Provided material section start
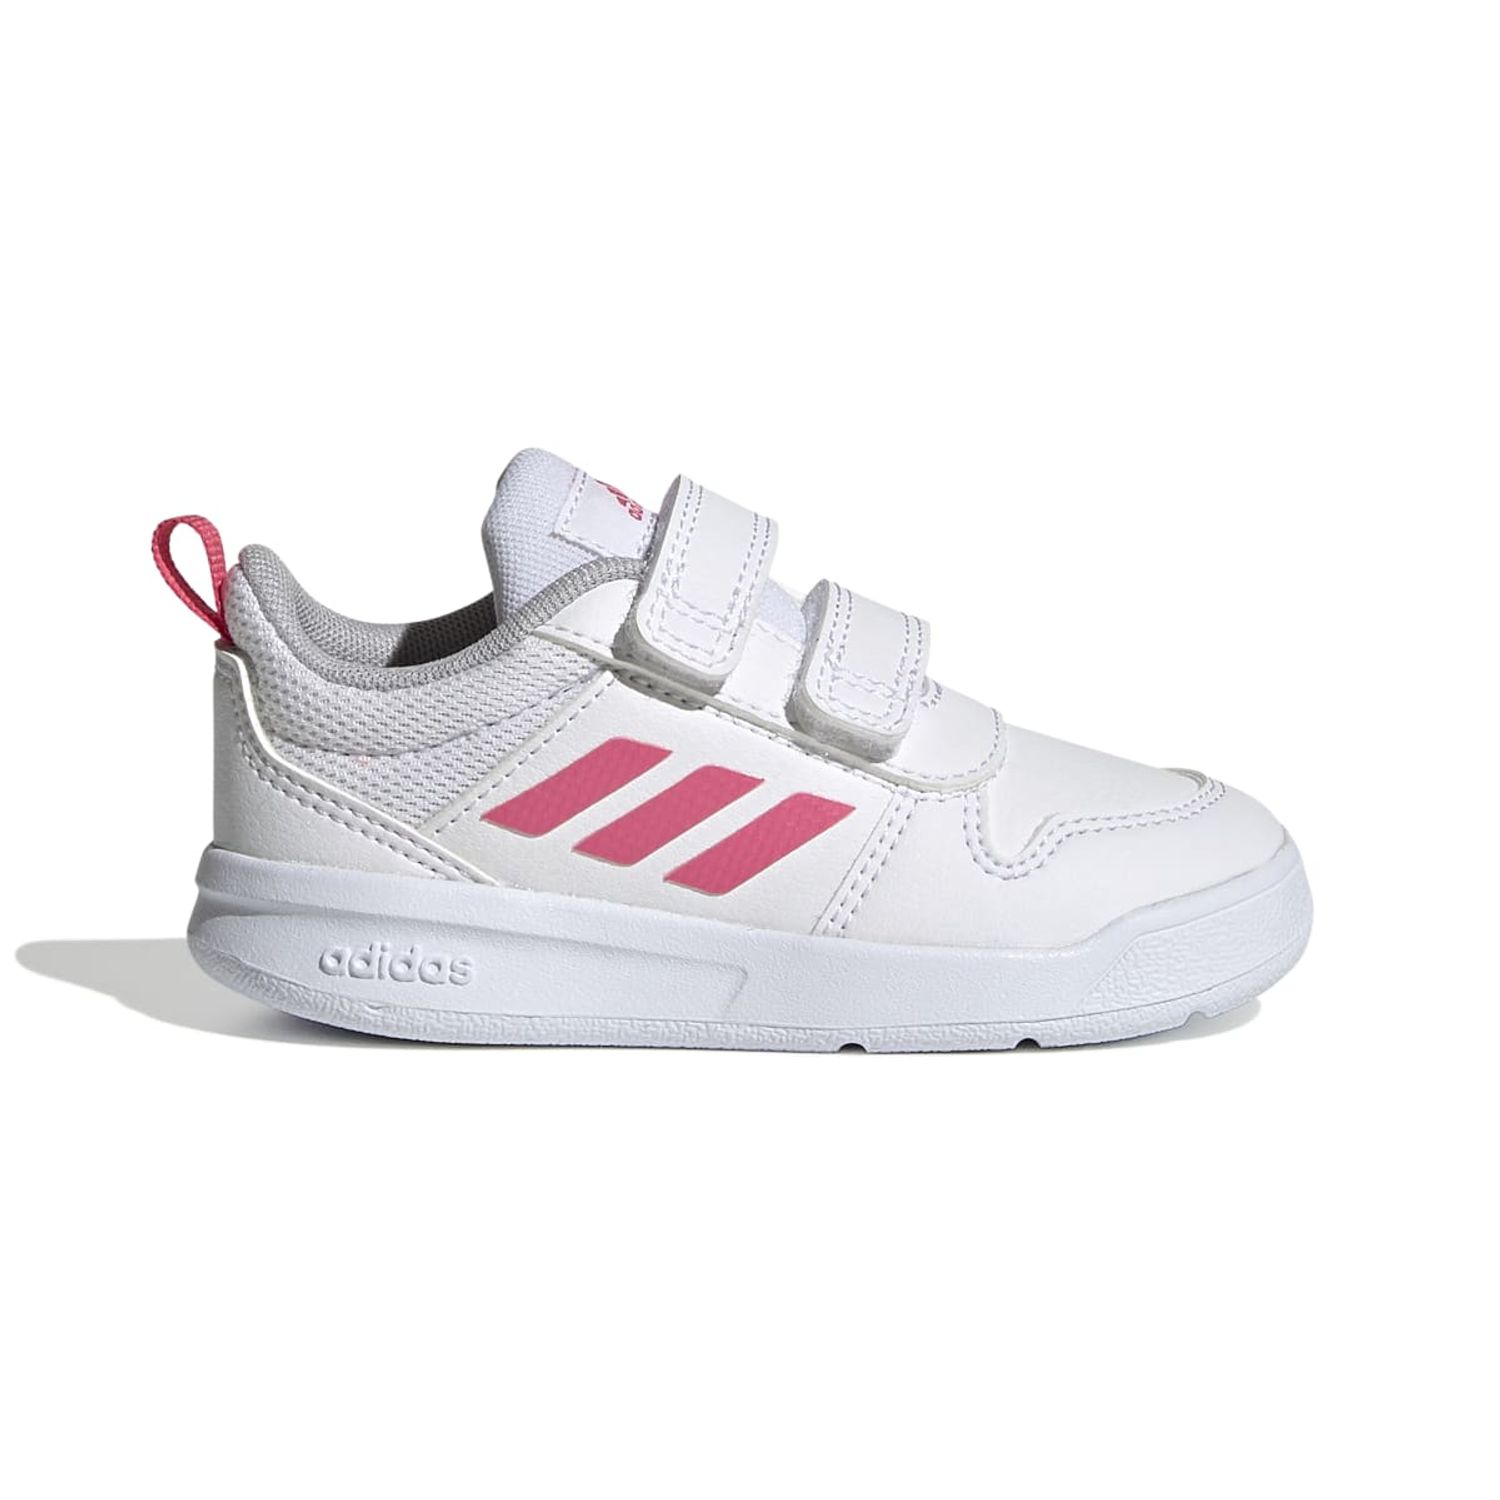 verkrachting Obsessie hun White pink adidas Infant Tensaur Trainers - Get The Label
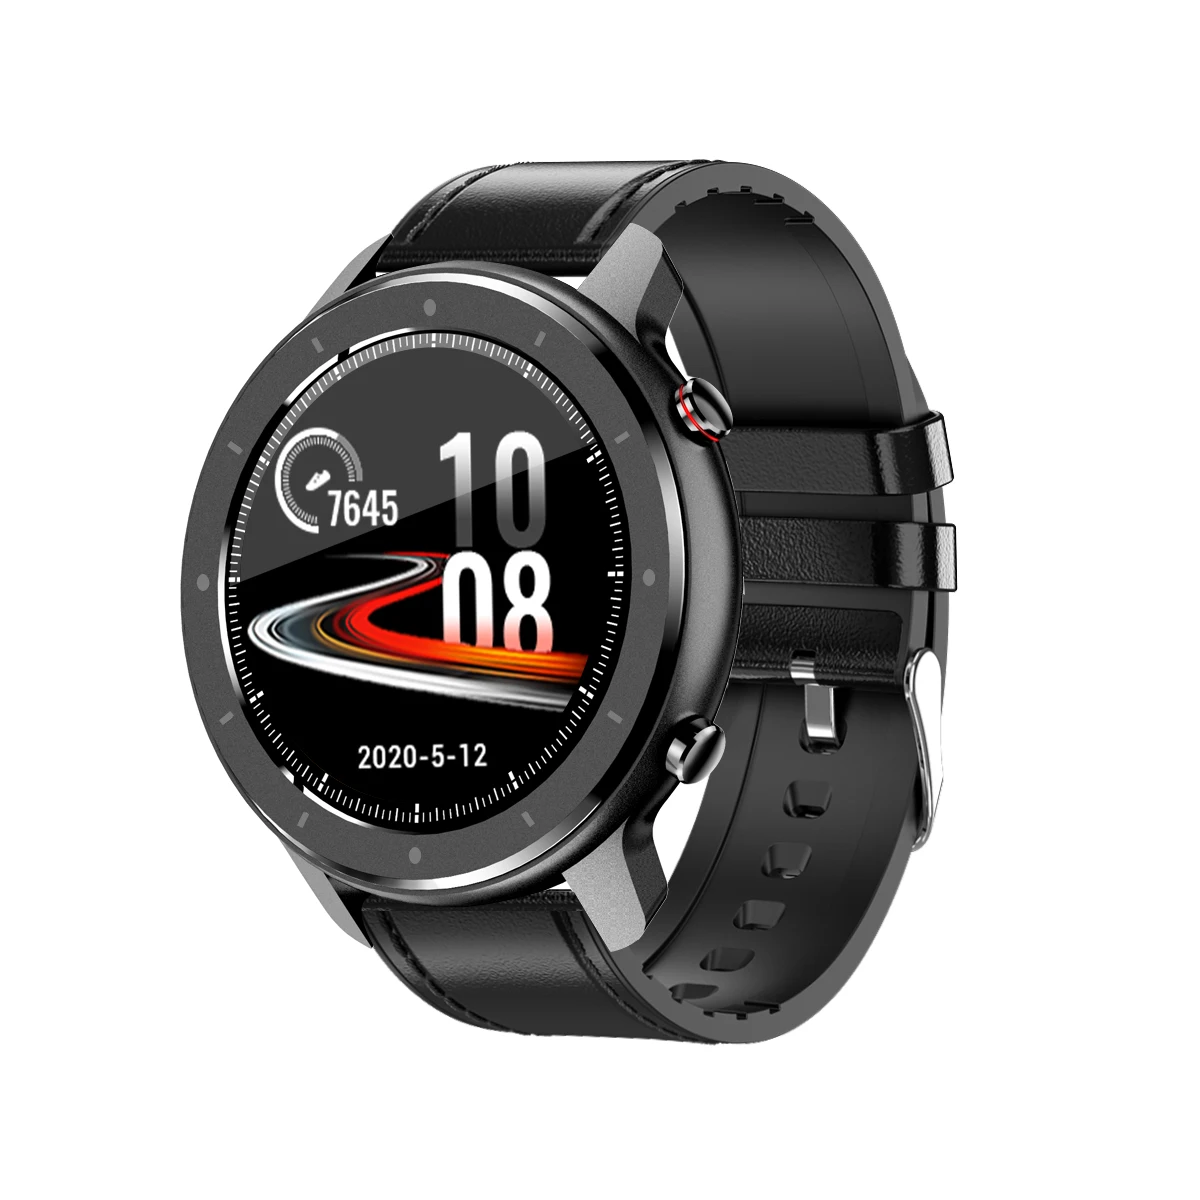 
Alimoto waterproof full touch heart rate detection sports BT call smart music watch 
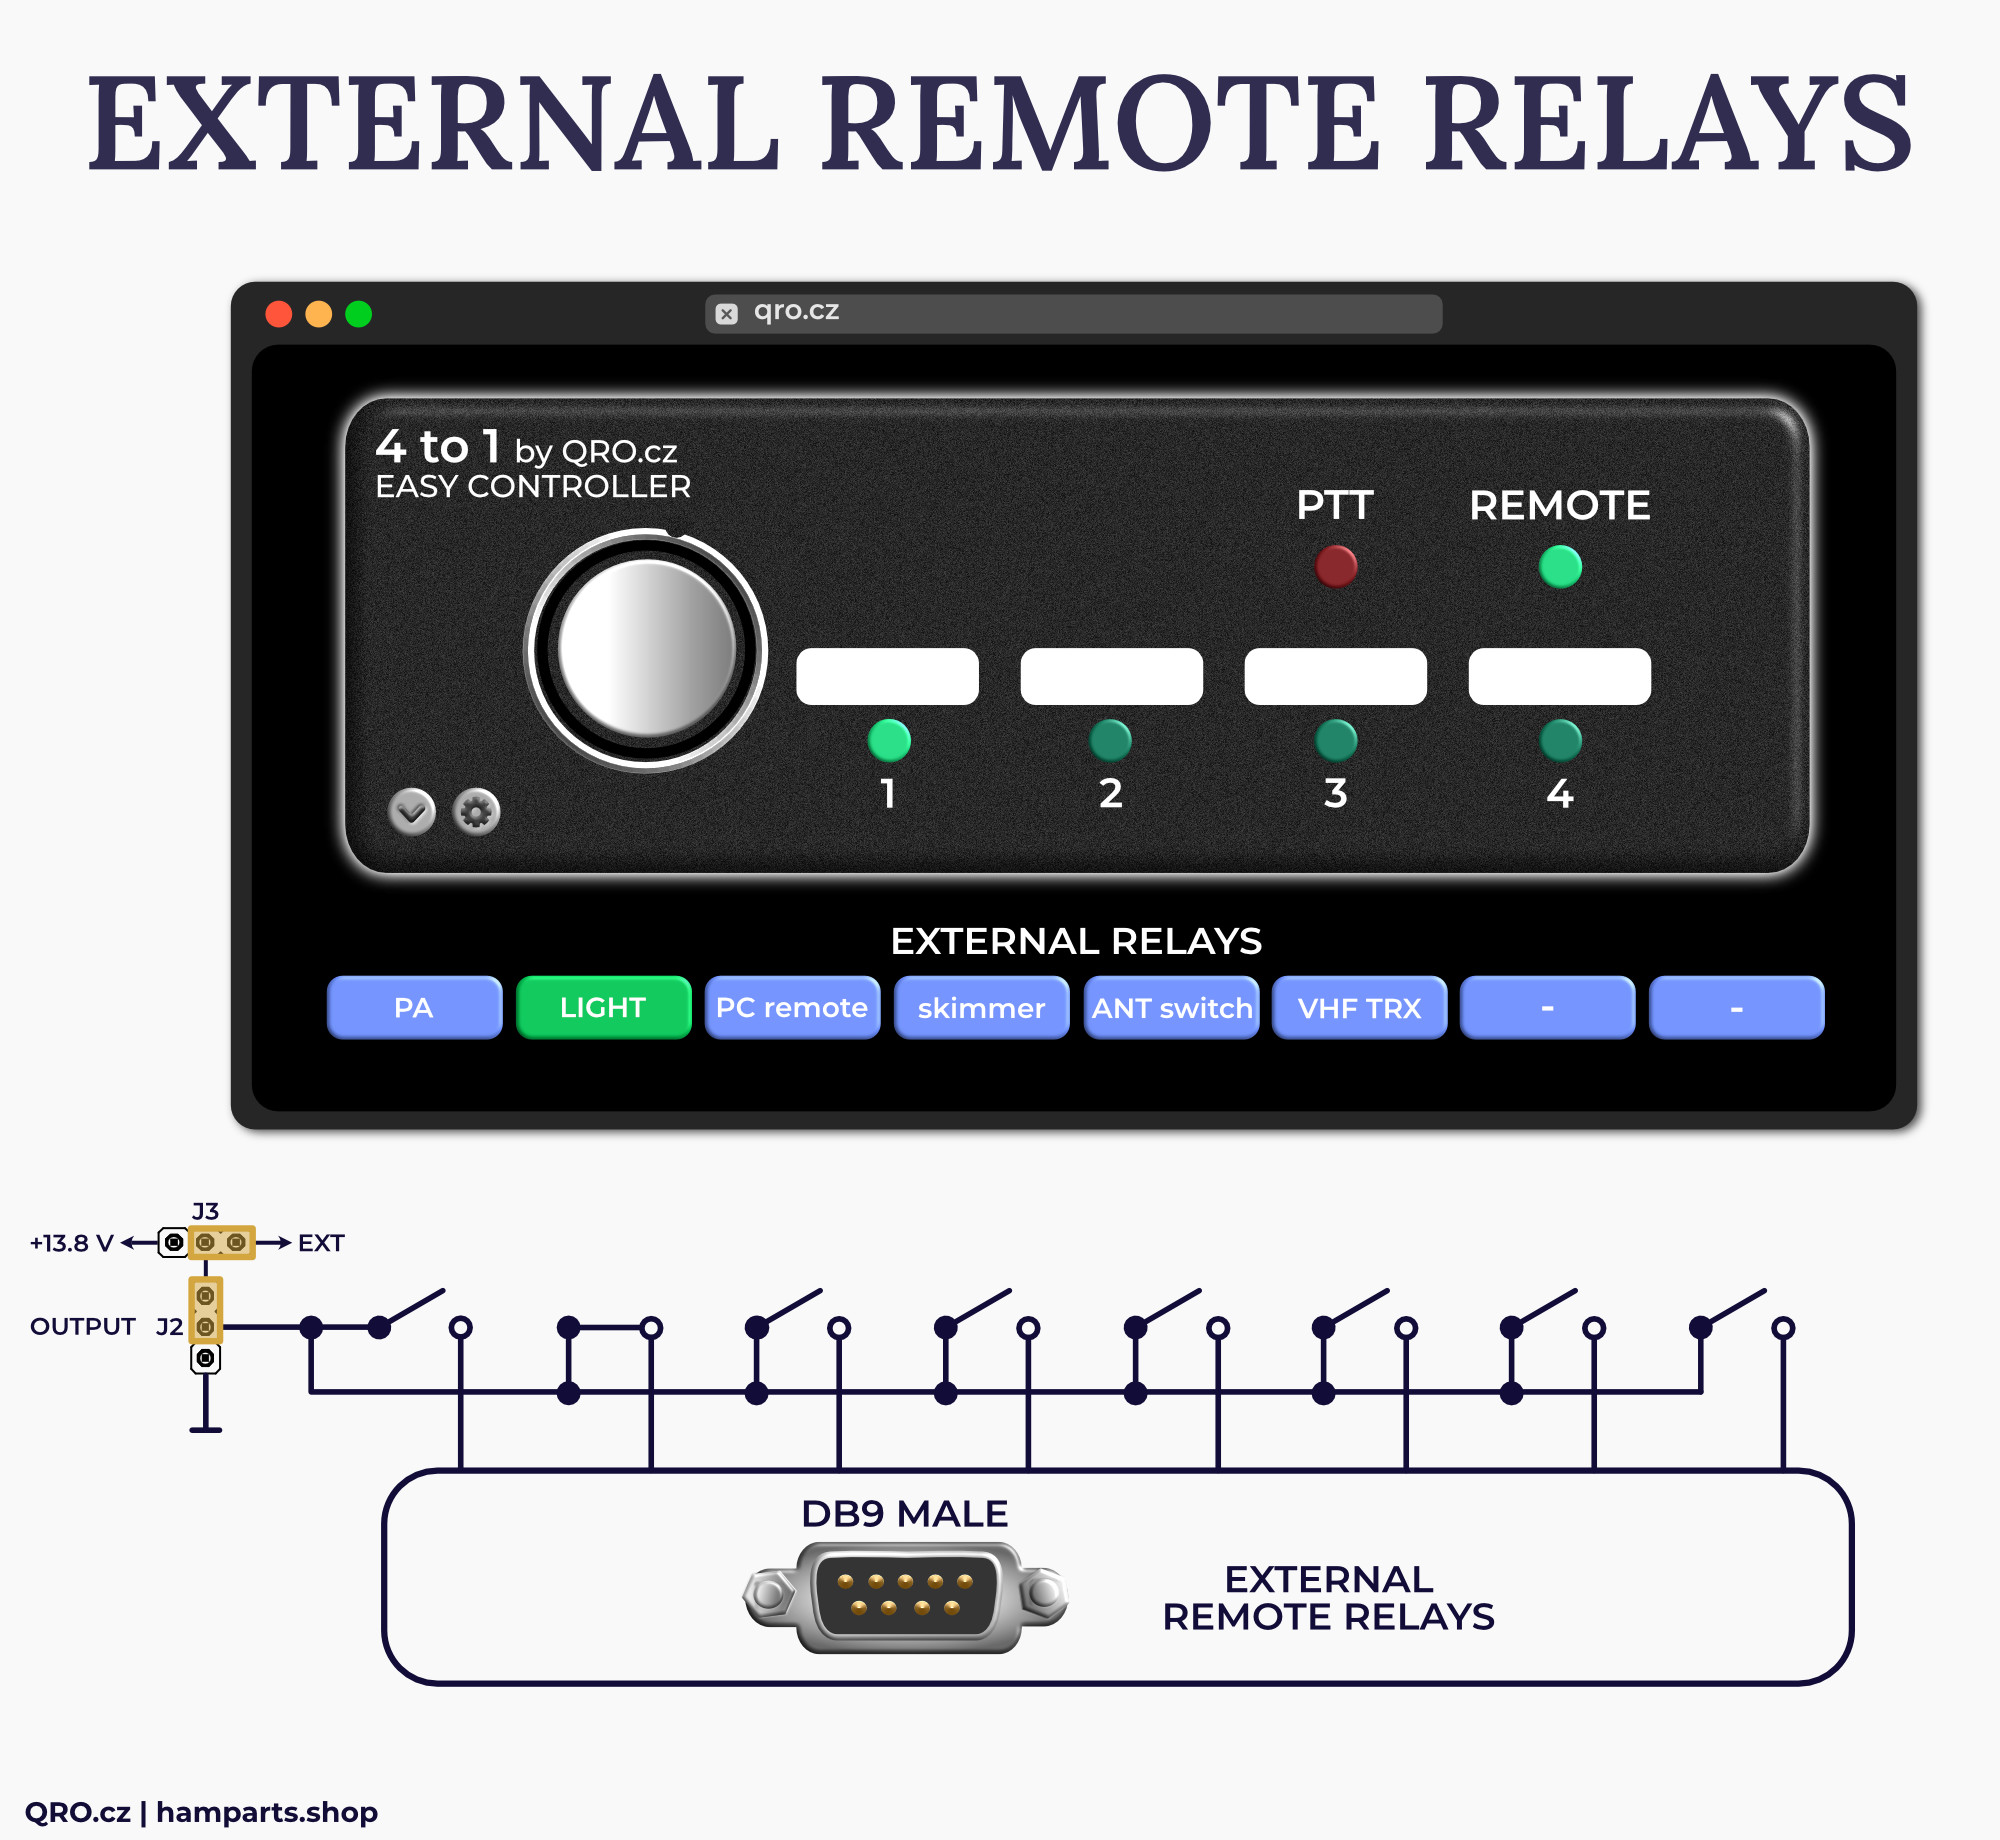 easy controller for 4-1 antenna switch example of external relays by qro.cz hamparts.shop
Provided material section end
Problem details = Without the pictures, repeat the line with "Alimoto waterproof full" and every line after it to the end of the listing, and nothing else.

Answer for the task =
Alimoto waterproof full touch heart rate detection sports BT call smart music watch 
 easy controller for 4-1 antenna switch example of external relays by qro.cz hamparts.shop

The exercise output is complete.